PHILOSOPHY 34

Lewis on Criminal Attempts

We punish successful attempts more severely than we punish failed attempts. Lewis worries that this might be unfair on the grounds that it involves giving different punishments to equally culpable people. His article gives an argument for the conclusion that our practices are fair, despite appearances. However, Lewis himself seemed only partly convinced by the argument.

Lewis’s argument comes in two parts. First, he argues that a system that runs a lottery to determine punishments for those convicted of crimes would be fair. Second, he argues that the way our system treats attempted crimes amounts to a punishment lottery: attempting to commit a crime amounts to entering the lottery and whether you succeed or not is the random element that determines whether you get the payoff of punishment. Taken together, this shows that the way our system treats attempted crimes is fair.

The first part

Patrick expressed disagreement about the first part of Lewis’s argument.

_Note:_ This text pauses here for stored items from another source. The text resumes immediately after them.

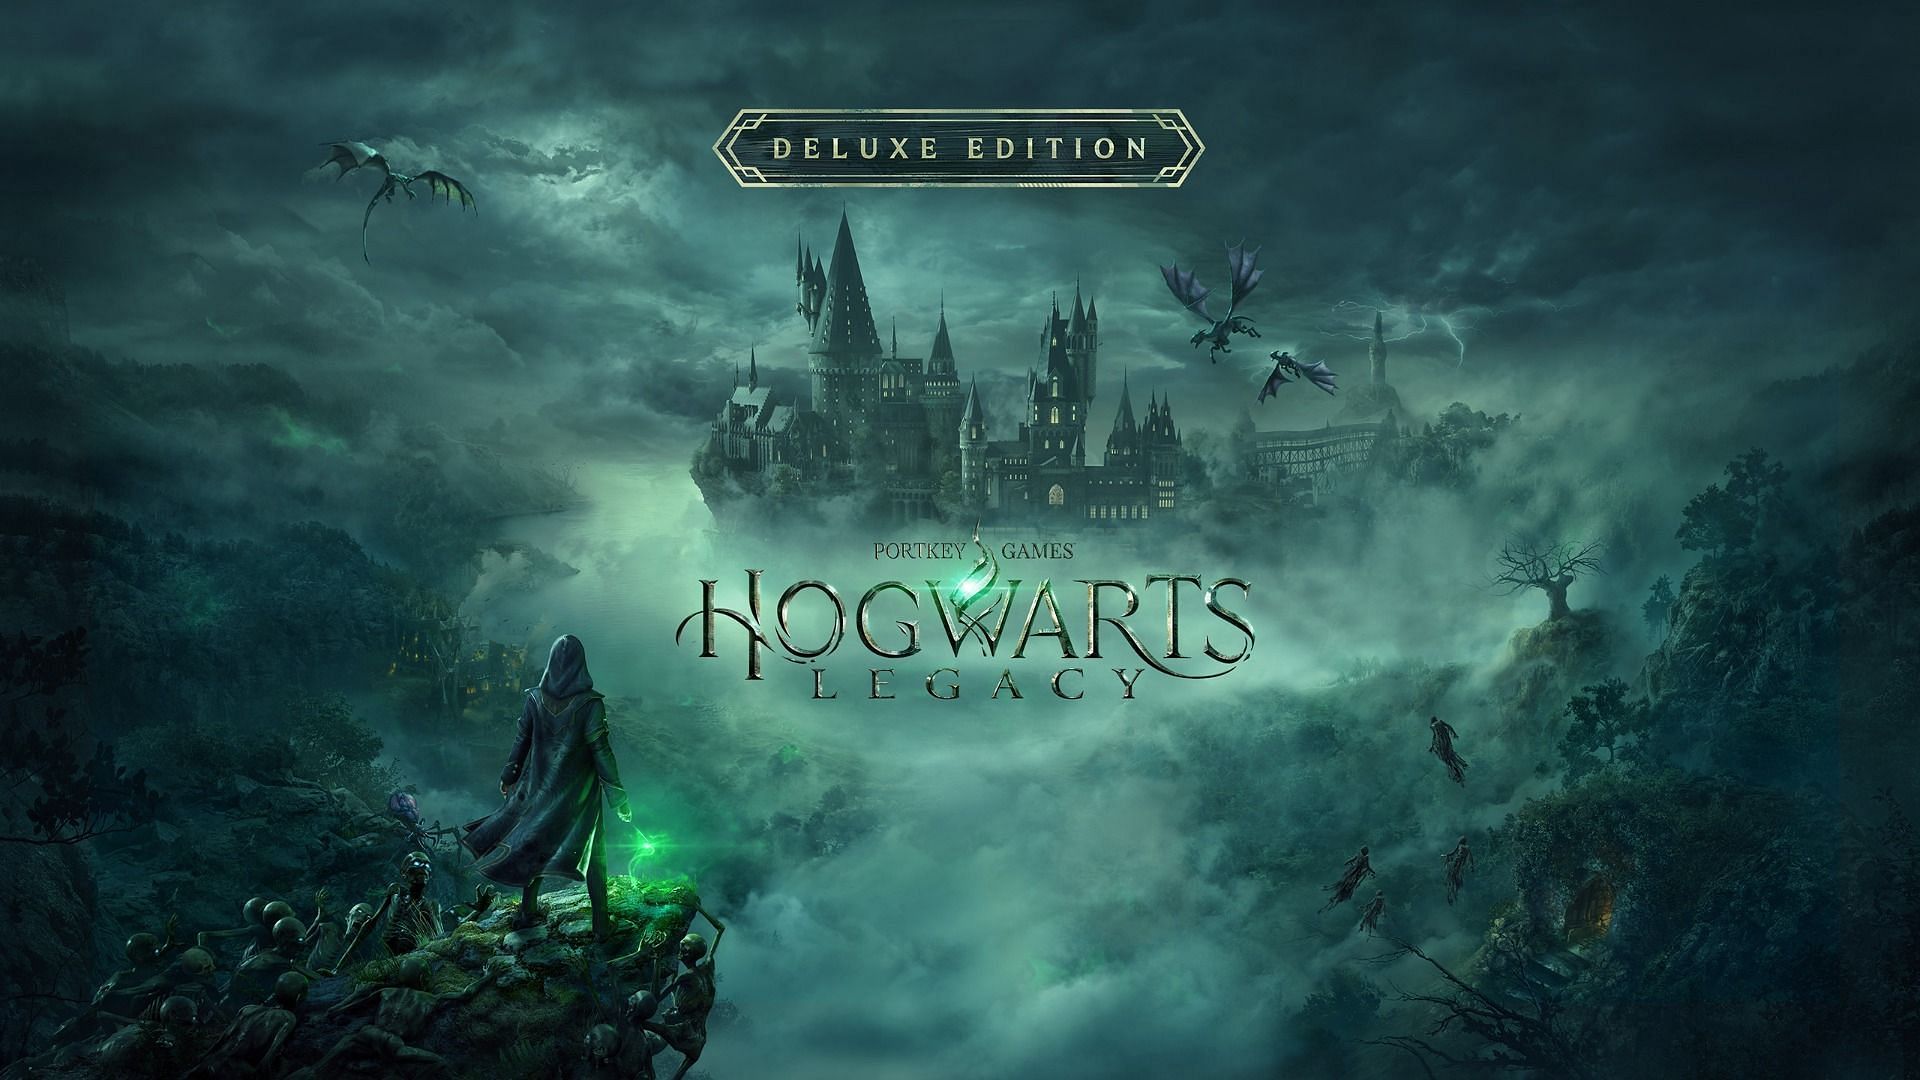 Will Hogwarts Legacy Release On Both Steam & Epic Games Store?
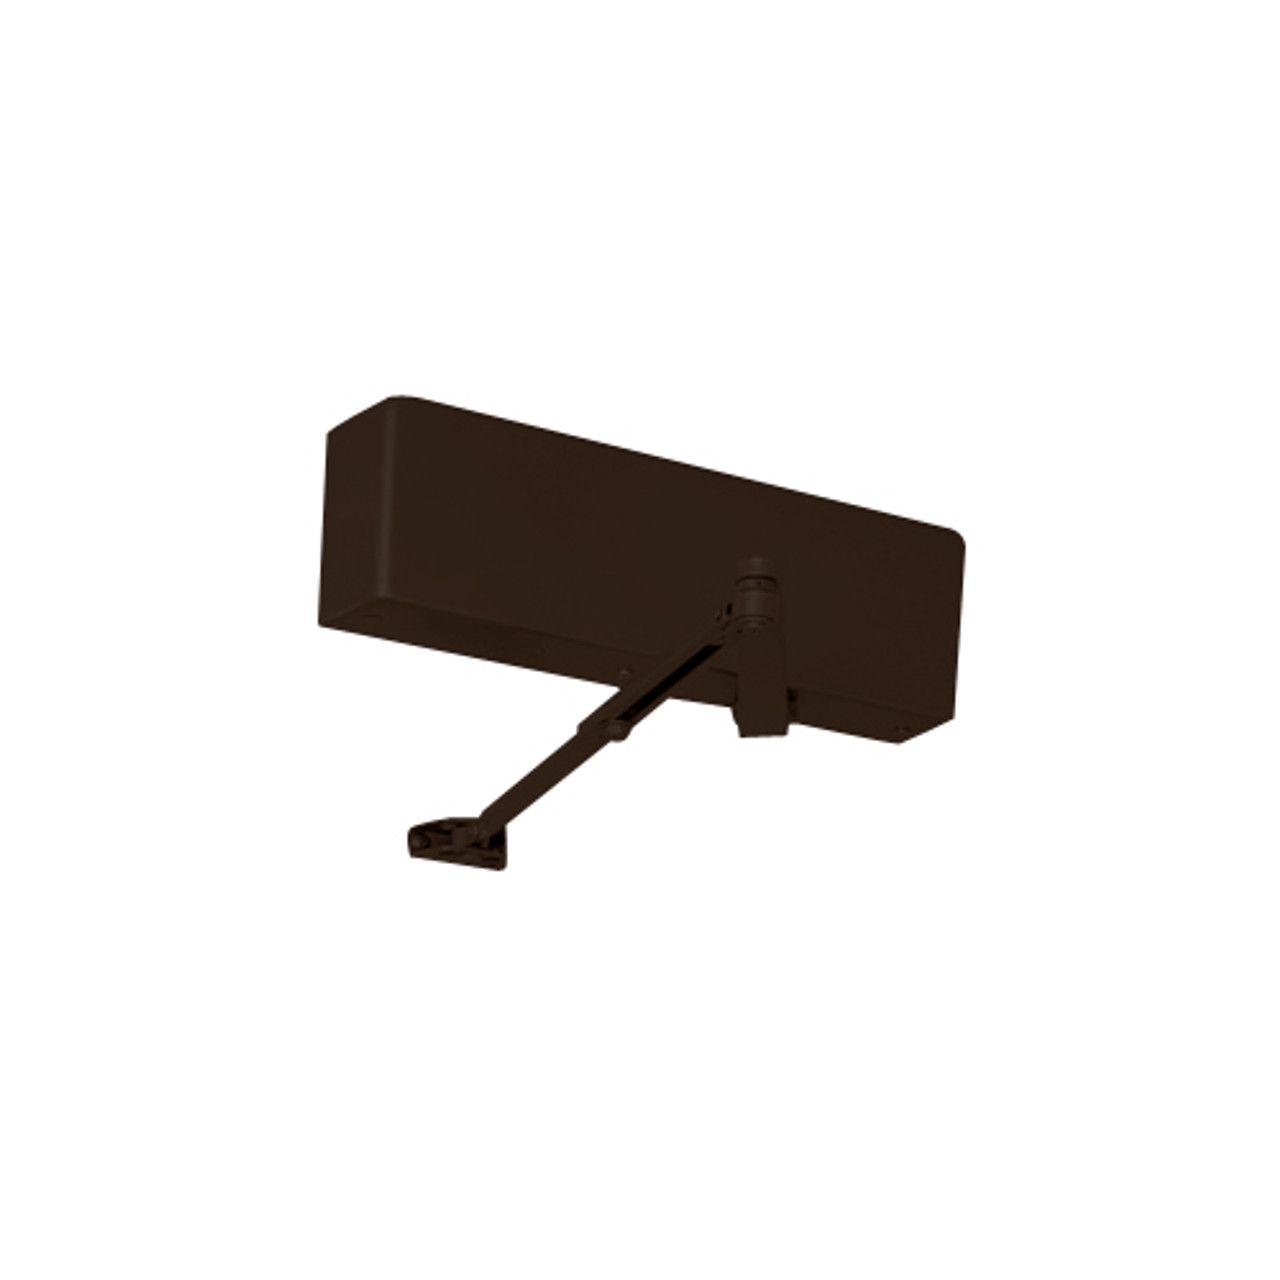 J7500-690 Norton 7500 Series Non-Hold Open Institutional Door Closer with Top Jamb Only Reveals 2-3/4 to 7 inch to 150 Degree in Statuary Bronze Finish
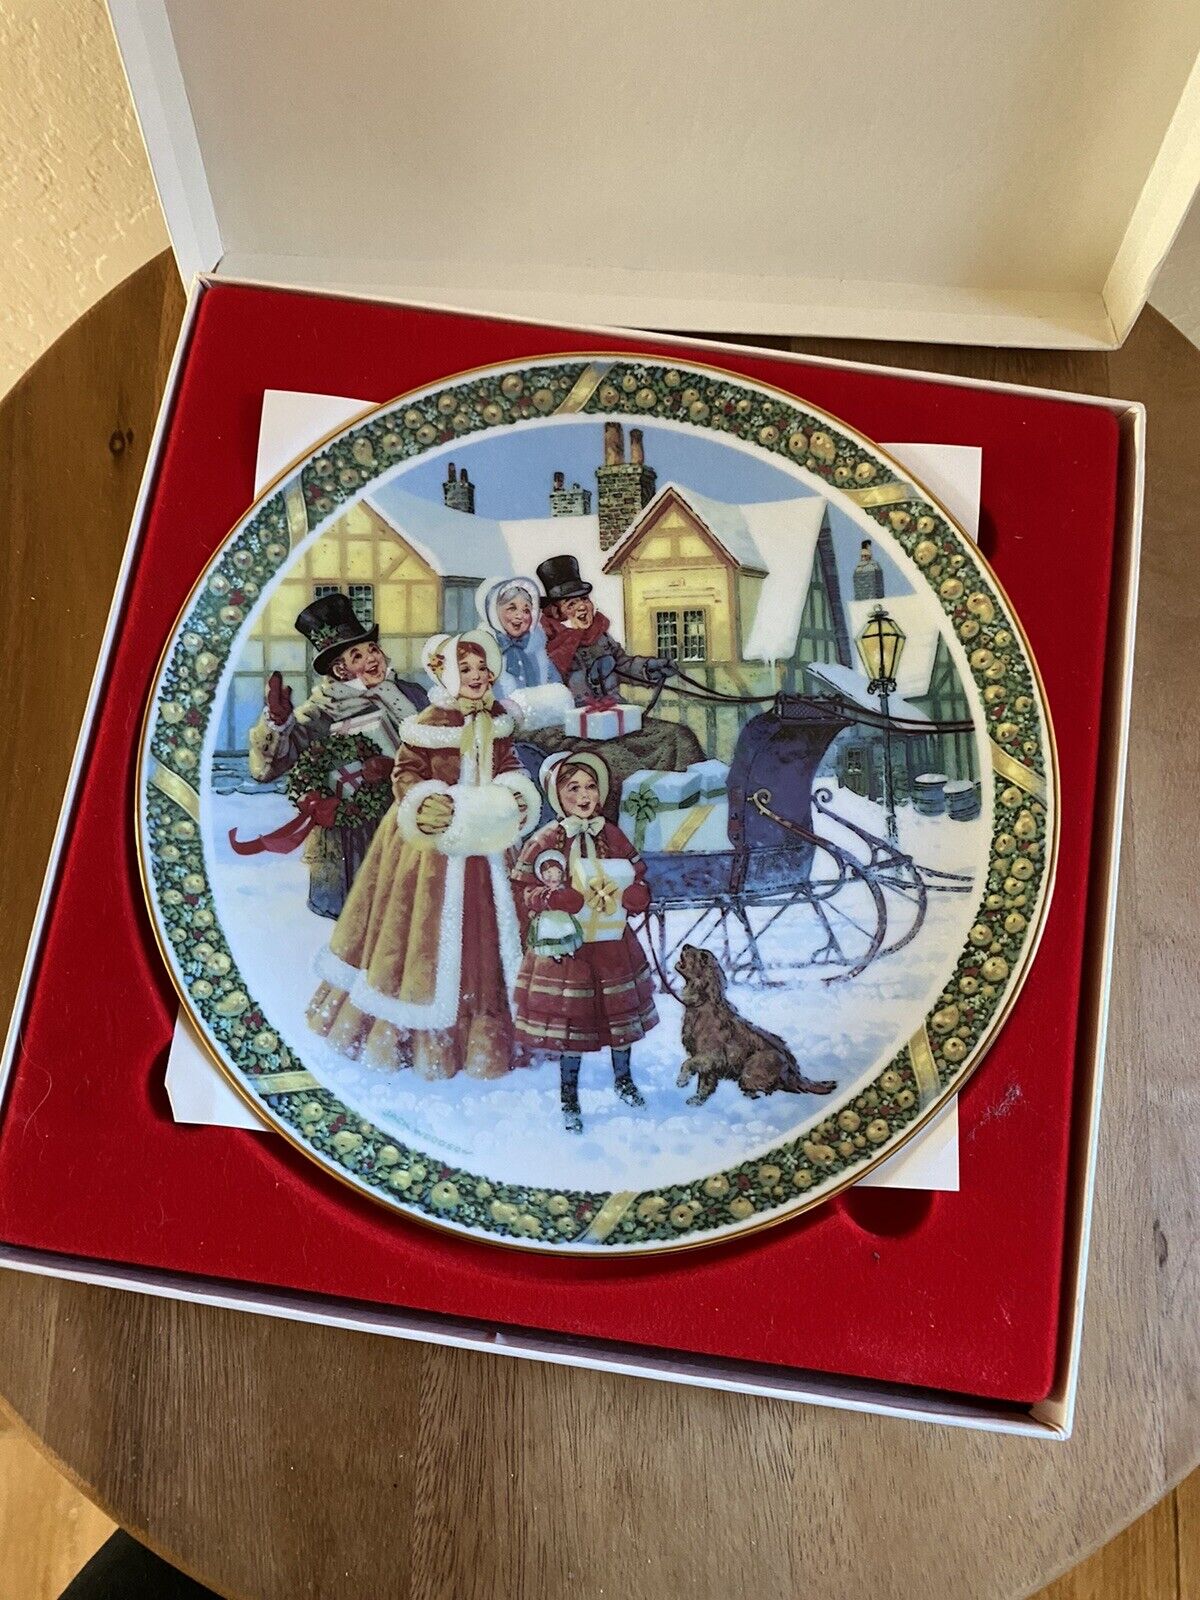 Royal Windsor “Here We Come A Caroling” Collectors Plate

If two people are equally guilty but get different punishments, that is unfair.

Youhan, on the other hand, stuck up for Lewis. It’s the process or the risk that is equal, not the penalty. She thought that made sense.

Matthew was not crazy about Lewis’s contention that the inequality was due to fortune. Fortune can do that only because of the way we have set things up. Ultimately, it’s on us.

One thing to remember about this is that the lottery in the case at hand treats those who successfully complete their crimes more harshly than those who do not. Many of us get into this problem with two thoughts:

  1. The succesful and unsuccessful criminals are equally guilty: it was only luck that made the difference between them.
  2. Nonetheless, it is appropriate that the successful criminal’s crime is treated as a more serious one than the unsuccessful criminal’s crime is.

So we got into this mess because we thought there was a sense in which the two should be treated the same and a sense in which they should be treated differently. The line of thinking that Lewis and Youhan are following does have the virtue of accommodating both thoughts and showing how they might be rendered consistent with one another.

On the other hand, I think Patrick and others are right to say that the structure of the argument was supposed to move from the fairness of punishment lotteries in general to the fairness of punishment lotteries in the specific case of mere attempts. So if they have good reason to doubt the fairness of punishment lotteries in general, they can say that the argument does not work as intended.

The second part

The second part of Lewis’s argument maintains that our current system works like a lottery. It has three parts.

  1. The criminal enters the lottery by attempting to commit a crime: firing a gun, for instance.
  2. The element of chance is what happens between the attempt and the end of the action: it is luck that determines whether the bullet hits its target or not, just as it is luck that determines whether the ball in the roulette wheel lands on black or red.
  3. The punishment follows from the combination of entering the lottery and luck. If you try to shoot someone and unluckily succeed, you get a harsher penalty. If you try to shoot someone and luckily fail, you get a milder penalty.

Matthew and Peter were intrigued by a different way of looking at it. The successful criminal commits a different crime than the unsuccessful one. What you succeed in doing determines what you are guilty of. So even if you and I are equally wicked in our intended actions, if you succeed and I fail, you are more guilty than me. This so-called moral luck plays a big role in our lives: you feel relieved if you luckily just miss someone with your car and you feel terrible if you accidentally hit them. But it is not clear how to make sense of it.

Key concepts

  1. Why Lewis thinks a punishment lottery might be fair or just.
  2. Why he thinks our system for punishing successful attempts more harshly than unsuccessful ones is a punishment lottery.

References

Lewis, David. 1989. “The Punishment That Leaves Something to Chance.” Philosophy & Public Affairs 18 (1): 53–67.